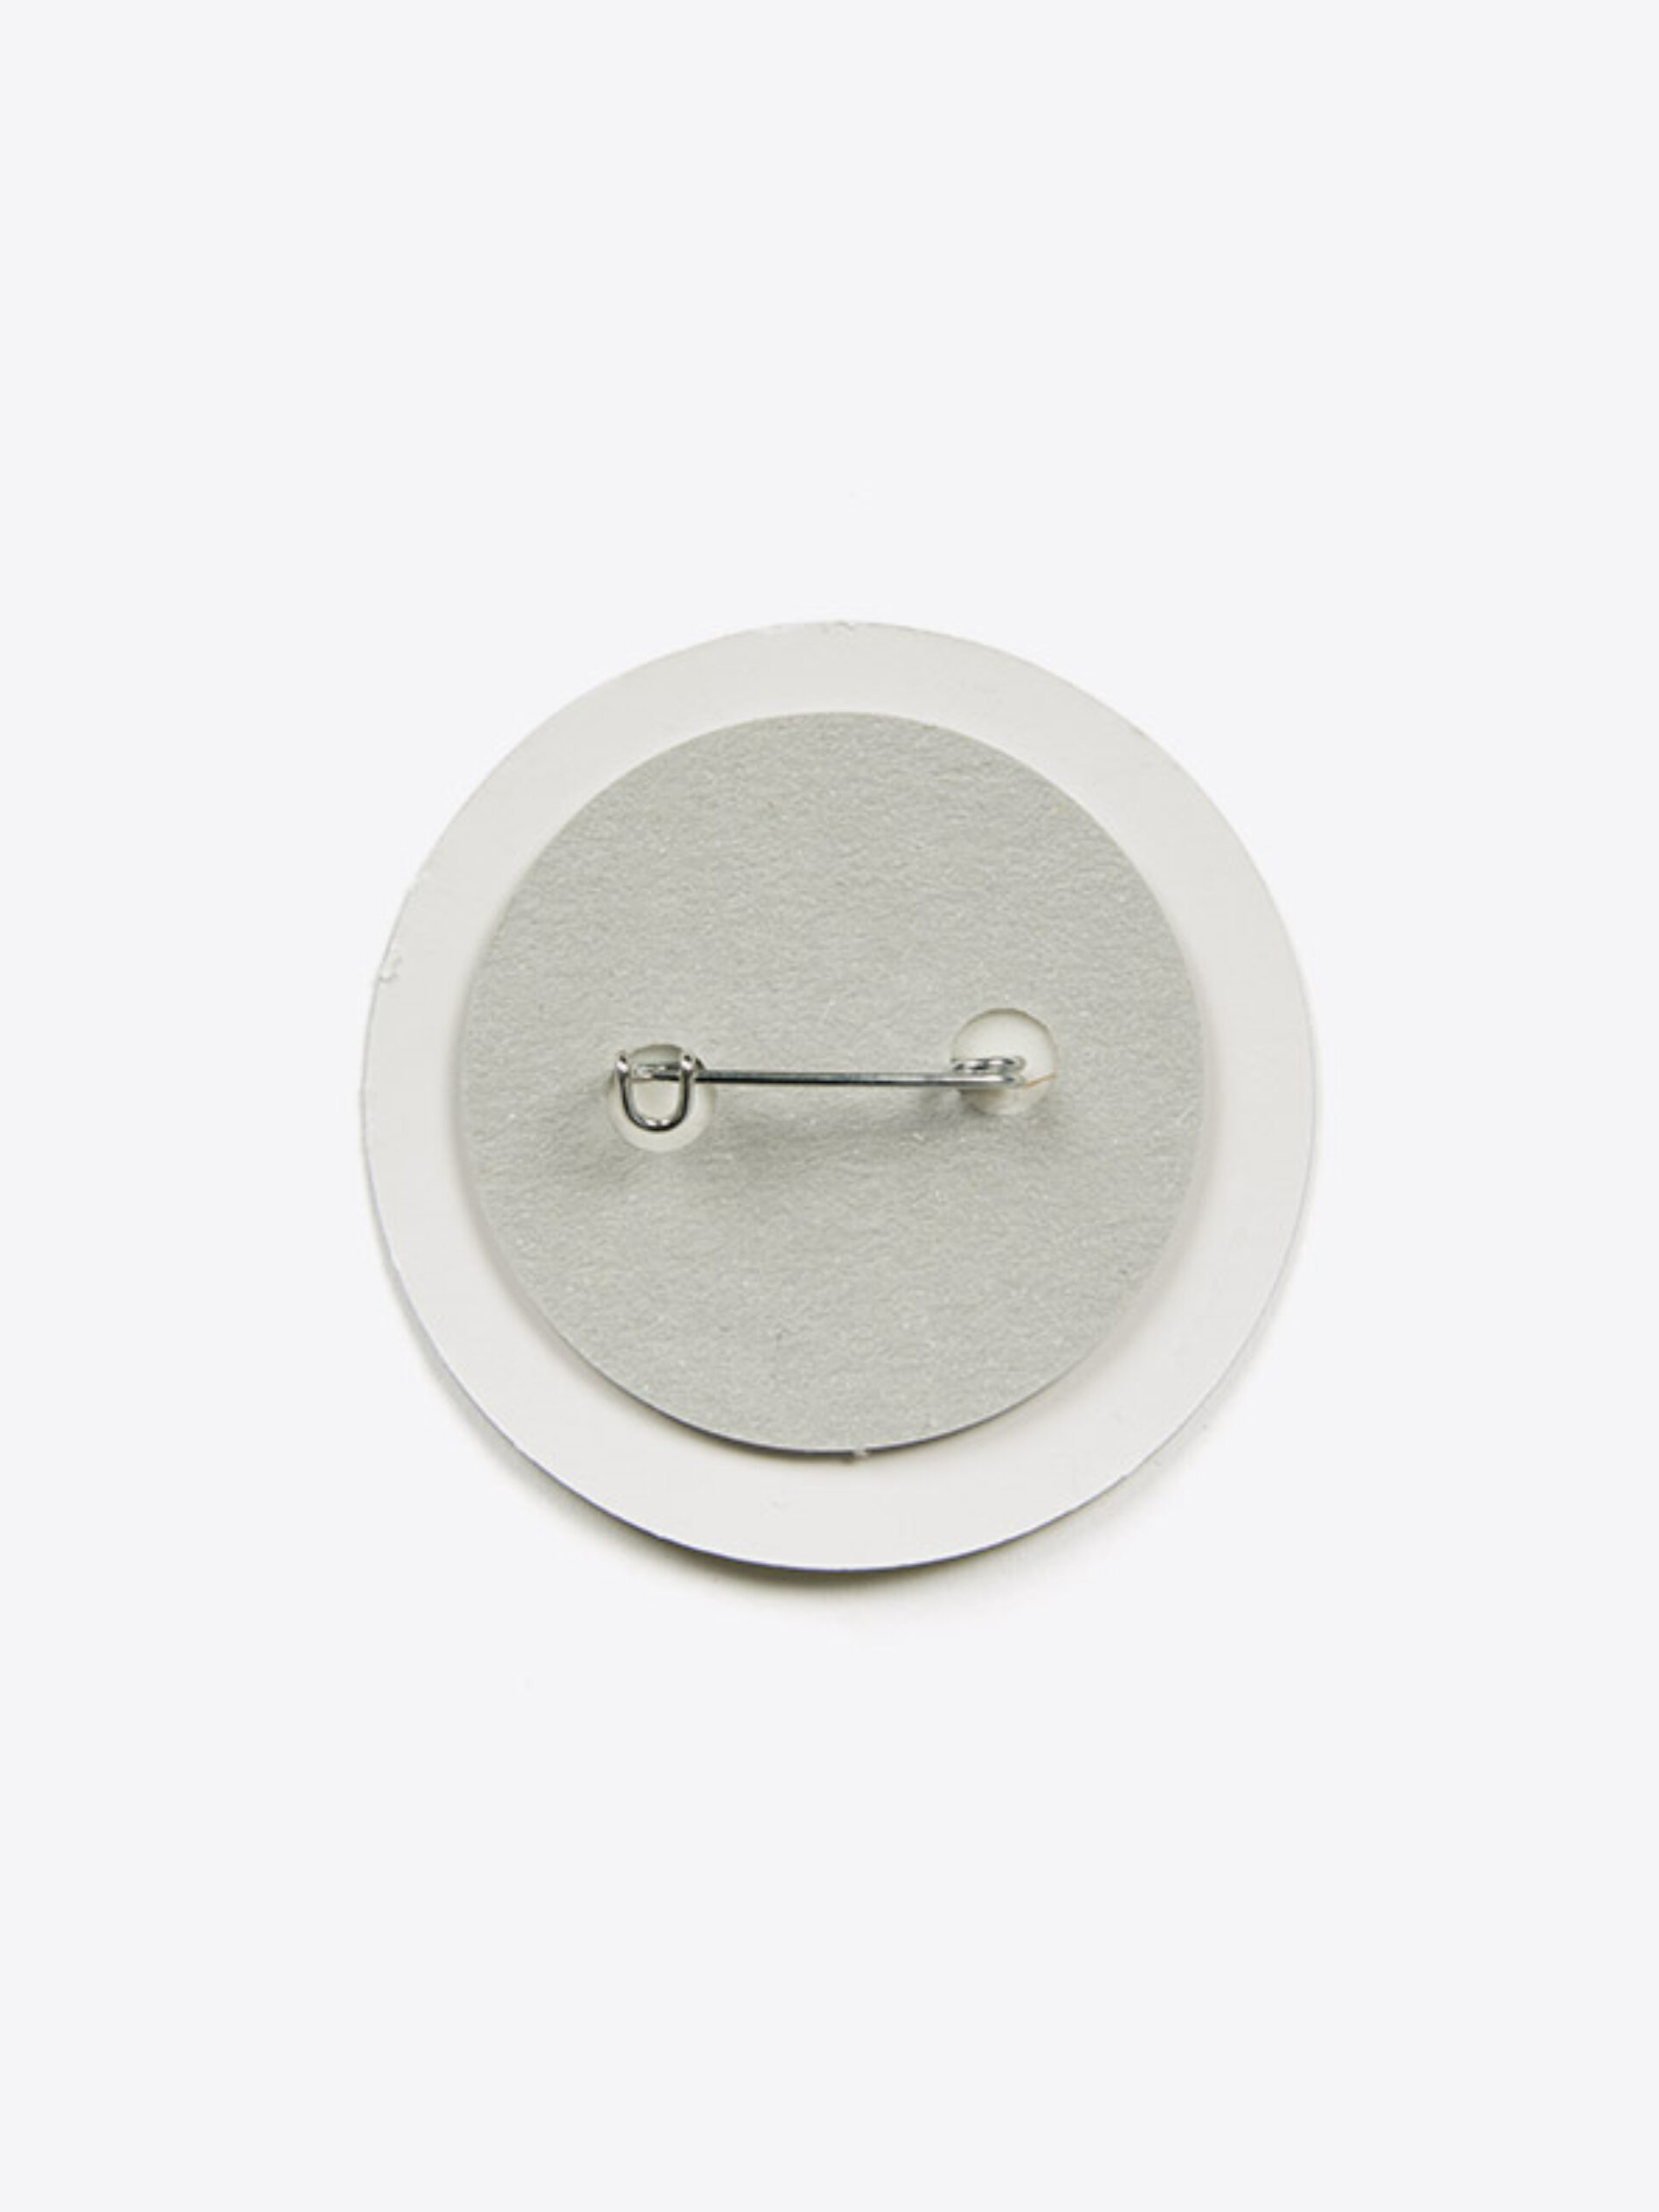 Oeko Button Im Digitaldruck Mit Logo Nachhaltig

──────────────────────────────

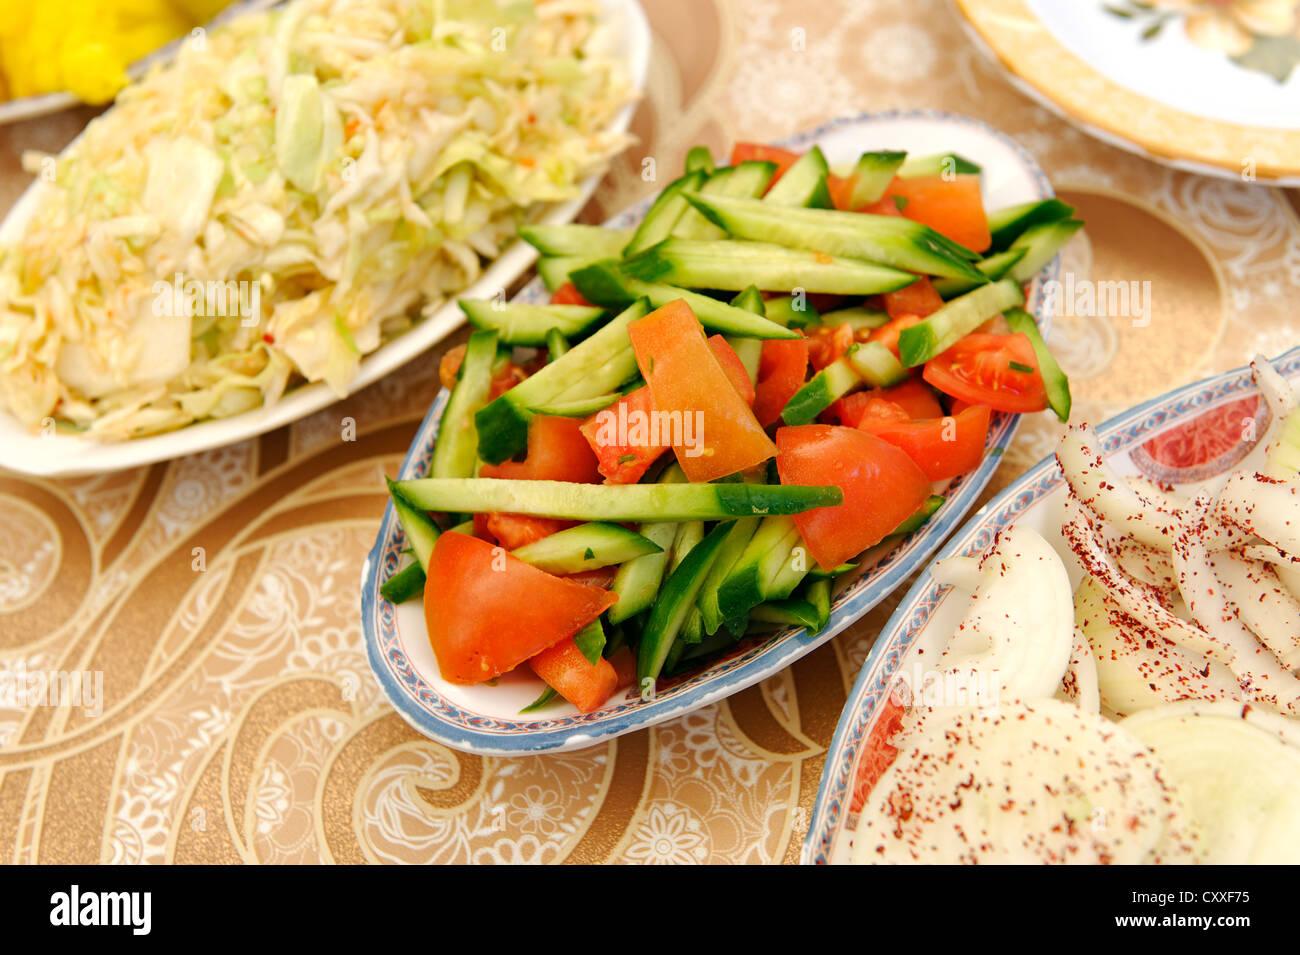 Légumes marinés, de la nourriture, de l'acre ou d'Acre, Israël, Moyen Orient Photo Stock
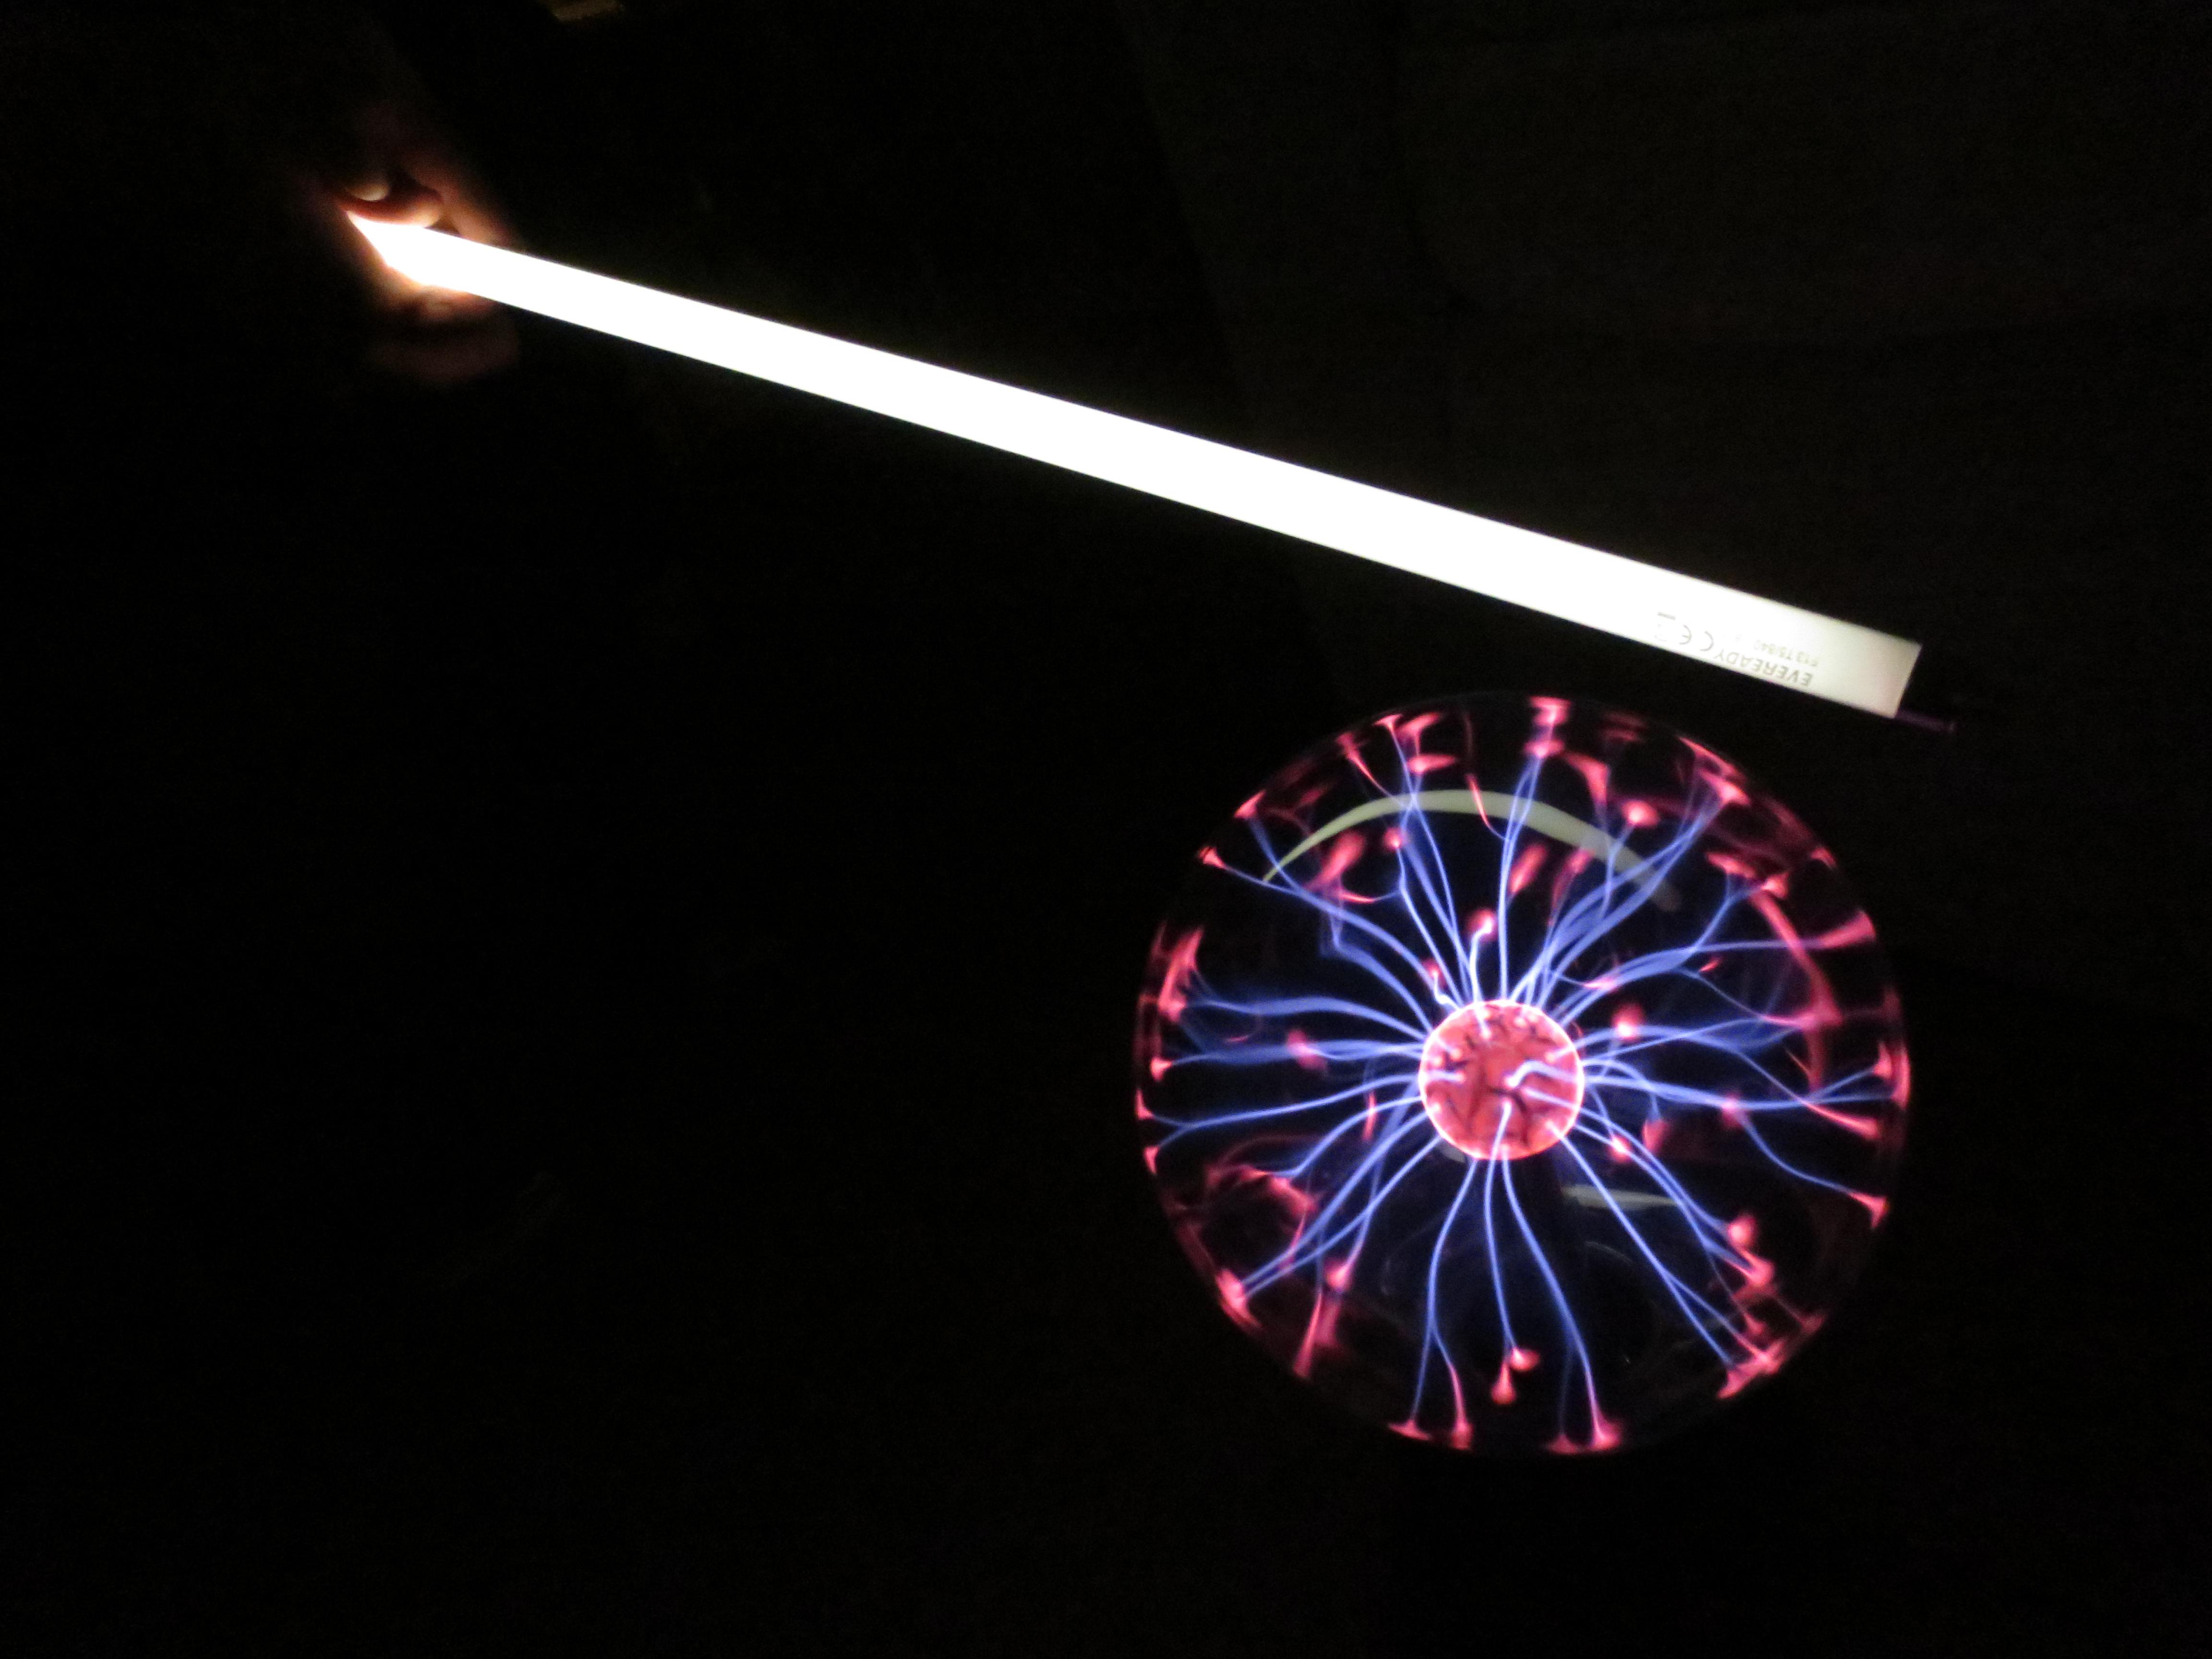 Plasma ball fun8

──────────────────────────────

◆ TASK TO CARRY OUT
Start with the line with "Légumes marinés, de" in the listing above and stop after the line with "Plasma ball fun8". Write out exactly the lines in that stretch and no others, without pictures.

◆ SOLUTION TO THIS TASK
 Légumes marinés, de la nourriture, de l'acre ou d'Acre, Israël, Moyen Orient Photo Stock
 Plasma ball fun8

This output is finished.